As chlorophyll, the green pigment in plants, breaks down, carotenoids become unmasked and allow the underlying yellow, red and orange hues to show through. The more carotenoids that accumulate in the chloroplasts of fruit tissue, the more intense the orange color will become. Exposure to light and warmer temperatures can increase carotenoid production.

The purpose of brightly colored pigments like carotenoids in fruit is to attract animals for seed dispersal. The vivid colors signified to ancient ancestors that the fruit was ripe and contained energy-rich sugars and nutrients. Oranges that remained green or yellowish may have been passed over for their riper, orange counterparts.

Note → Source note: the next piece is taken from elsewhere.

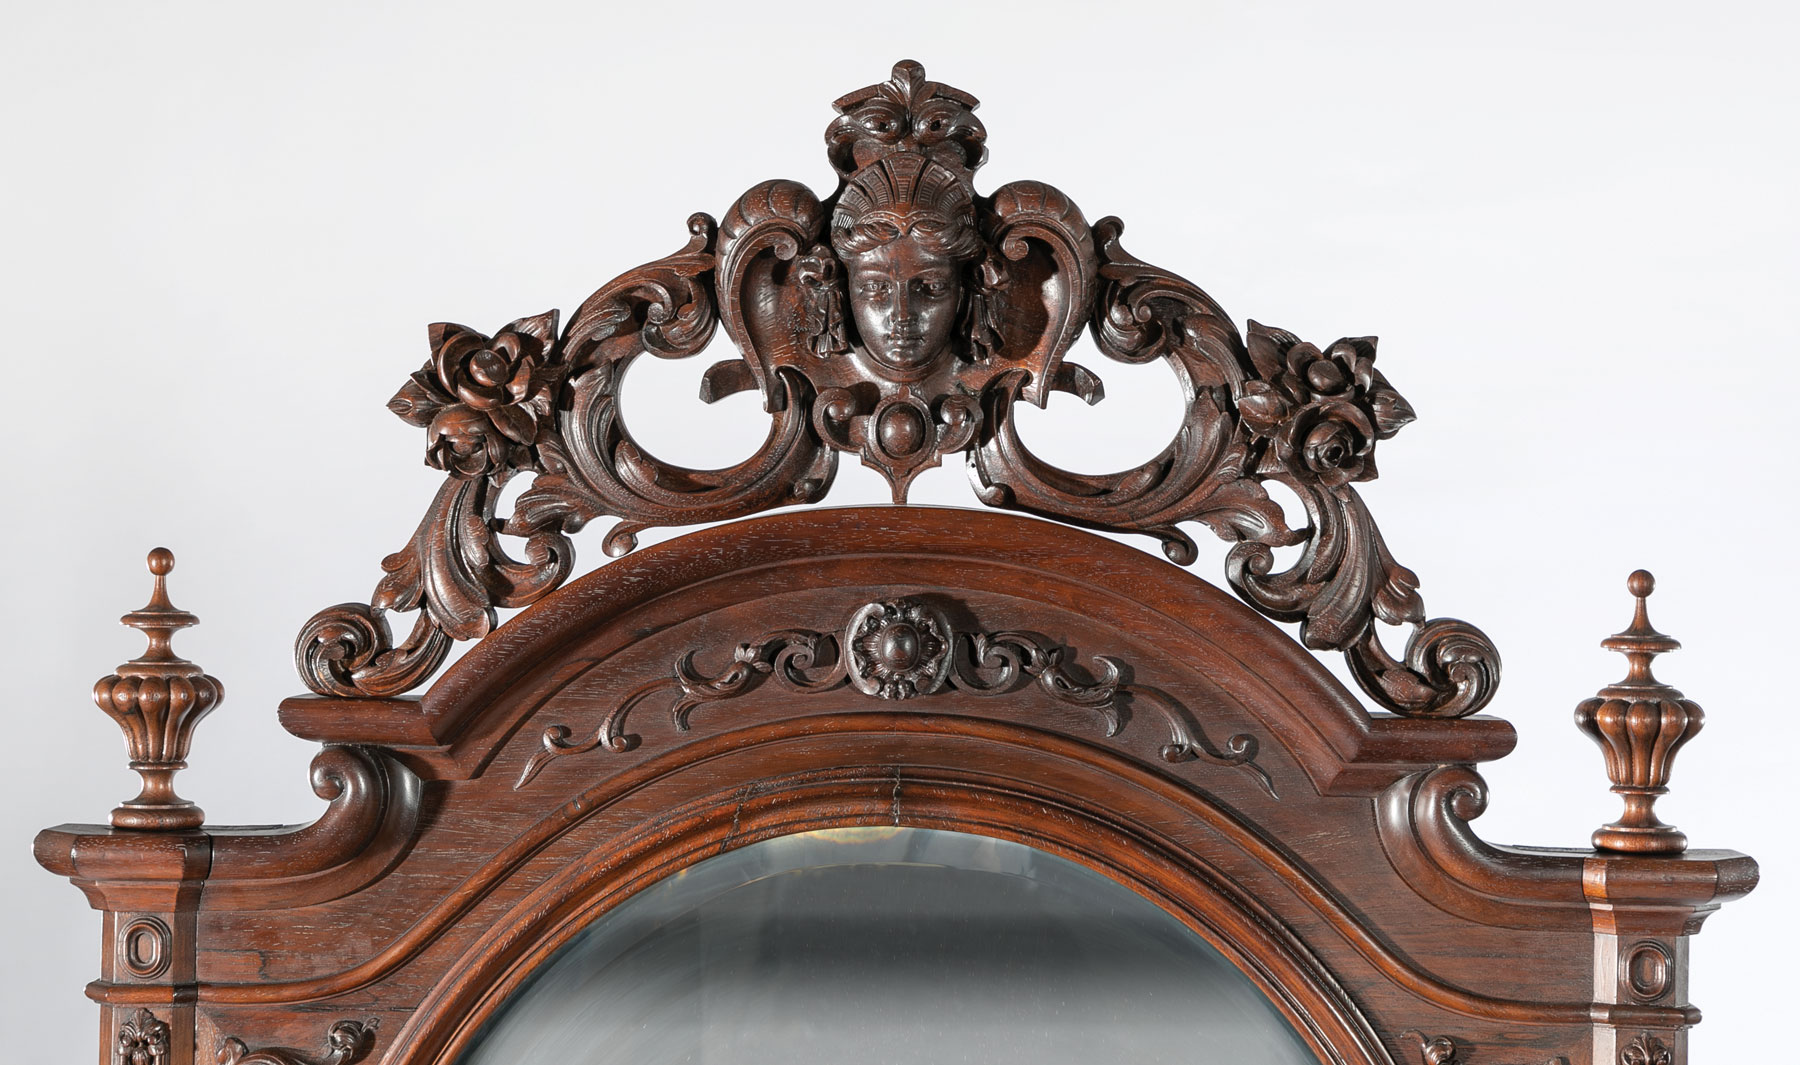 Very Fine American Carved Rosewood Bedroom Suite , mid-19th c., labeled A. (Alexander) Roux, incl. - Image 5 of 20

Are There Still Green Oranges Today?

While oranges turned orange long ago, there are still some unusual citrus varieties that remain green when ripe today. Some examples include:

  • Omani Lime – A tart, green citrus native to Oman
  • Makrut Lime – The distinctive lime used in Thai cuisine
  • Key Lime – The classic bartending lime, smaller and more acidic than common Persian limes
  • Calamondin – A green, sour mandarin hybrid from the Philippines
  • Limequat – A lime and kumquat cross with a mild, lime-like flavor

These citrus types all contain chlorophyll and low amounts of carotenoids compared to sweet oranges. Their green skins when ripe likely helped camouflage them among leaves and branches in the past, hiding them from hungry predators.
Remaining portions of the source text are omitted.